Fully 85% of claimants found the actual claim submission experience to be in line with what was explained to them during the initial contact, and 89% of claimants thought the claim submission experience was positive and either met (75%) or exceeded (14%) their expectations. However, despite the high levels of overall satisfaction, 31% of claimants (down from 38% in 2015) had a complaint about the claim experience, mostly about the length of time it took to process a claim, and lack of clarity about what was required.

When it comes to choosing their travel medical insurance, Canadians said the top six factors influencing their decisions were:

  • features and benefits (87% vs 86% in 2015);
  • overall amount of coverage (85% – not asked in 2015);
  • ability to speak to someone (83% vs 81% in 2015);
  • price (81% vs 76% in 2015);
  • ease of purchase (77% vs 70% in 2015); and,
  • coverage for pre-existing conditions (71% vs 66% in 2015).

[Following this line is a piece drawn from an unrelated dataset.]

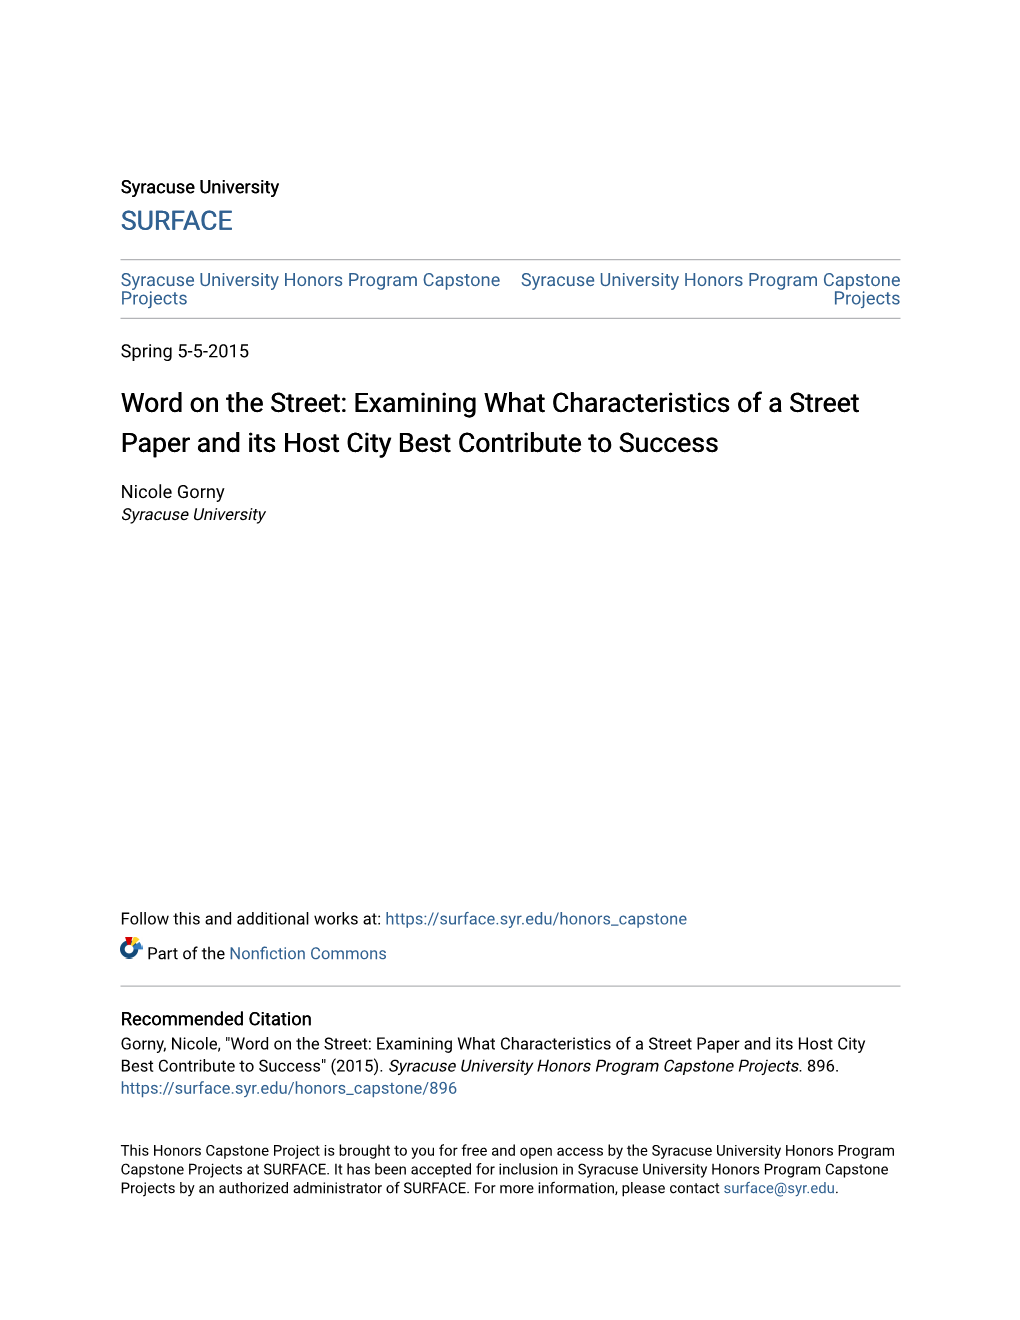 Examining What Characteristics of a Street Paper and Its Host City Best Contribute to Success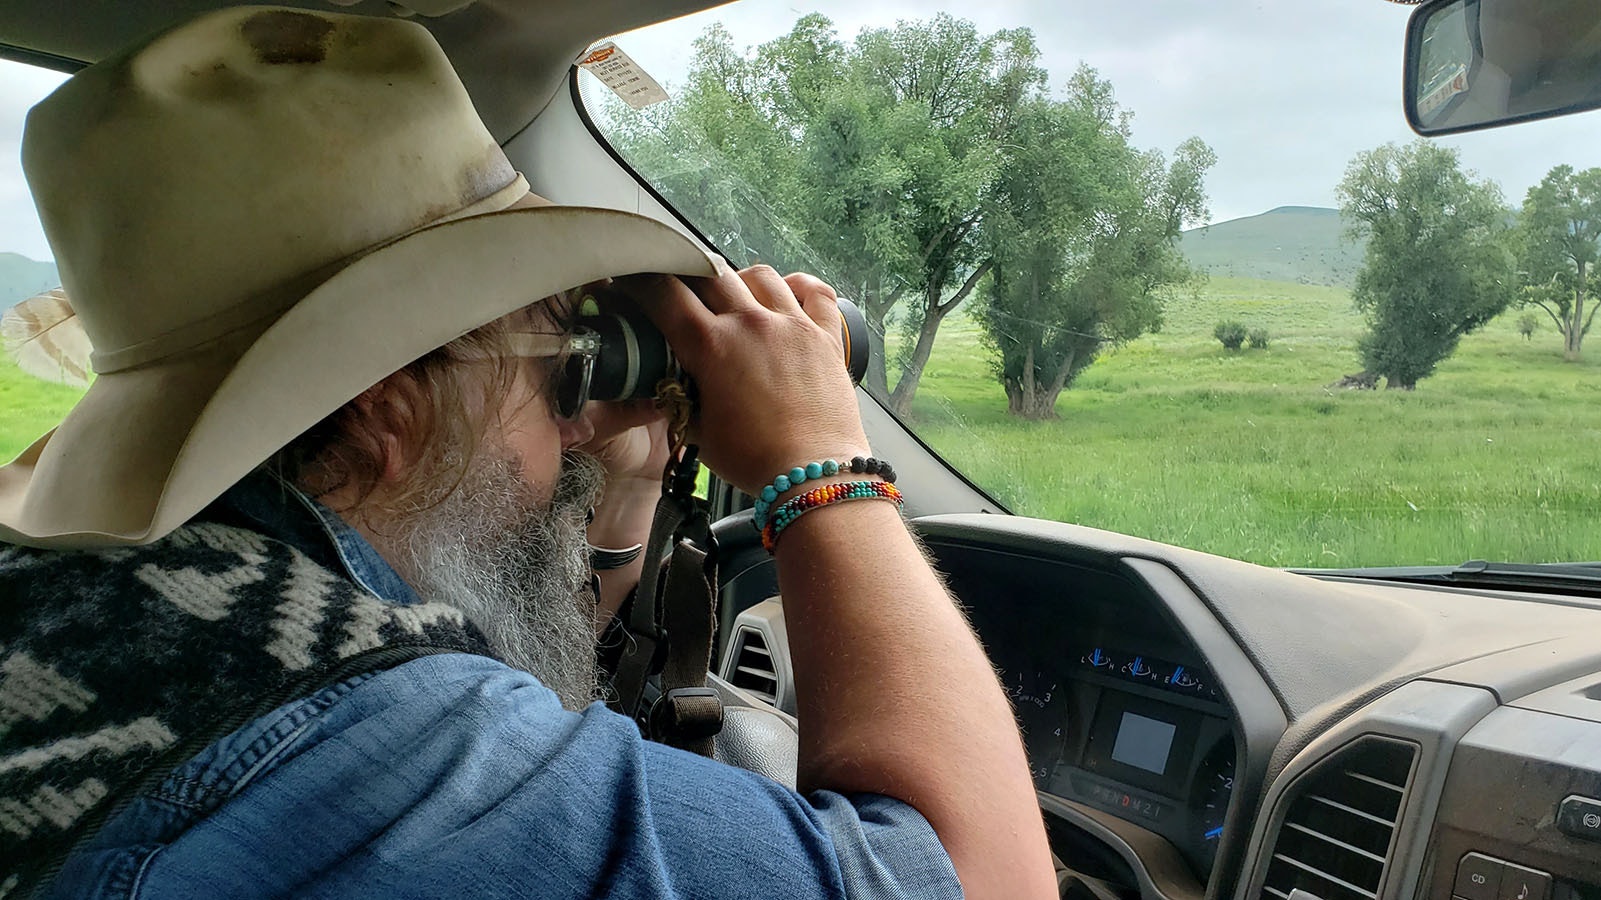 Josh Kirk checks on his 400-head bison herd in Fremont County, Wyoming. He's being featured on History Channel's "Mountain Men" series.

The increase in the last three factors from 2015 is notable, which suggests consumer expectations for travel medical insurance are increasing, and that providers need to keep improving their product and service to maintain high levels of customer satisfaction.

“Canadian consumers have expressed a great deal of confidence in the travel medical insurance industry, and the products that our members provide,” said Keith Martin, Co-Executive Director of the Canadian Association of Financial Institutions in Insurance (CAFII), which sponsored the Pollara research. “On the other hand, consumers continue to raise the bar on what they expect from their policies in terms of product features, quality service and value, and rightly so.”

These are the key results from an online survey of 1,200 adult Canadians conducted by Pollara Strategic Insights between February 16th and March 5th, 2018. A random sample of this size would yield a margin of error of plus or minus 2.8%, 19 times out of 20.

About CAFII:
The Canadian Association of Financial Institutions in Insurance is a not-for-profit Association dedicated to the development of an open and flexible insurance marketplace. CAFII believes consumers are best served when they have meaningful choice in the purchase of insurance products and services. CAFII’s members include the insurance arms of Canada’s major financial institutions – BMO Insurance; CIBC Insurance; Desjardins Financial Security; RBC Insurance; ScotiaLife Financial; and TD Insurance – along with major industry players American Express Bank Canada; Assurant; Canada Life Assurance; Canadian Premier Life Insurance Company; CUMIS Services Incorporated; and Manulife (The Manufacturers Life Insurance Company).

About Pollara Strategic Insights:
Founded in 1980, Pollara Strategic Insights is one of Canada’s premier full-service research firms – a collaborative team of senior research veterans who are passionate about conducting research through hands–on creativity and customized solutions. Taking full advantage of their comprehensive toolbox of industry-leading quantitative and qualitative methodologies and analytical techniques, Pollara provides research-based strategic advice to a wide array of clients across all sectors on a local, national, and global scale.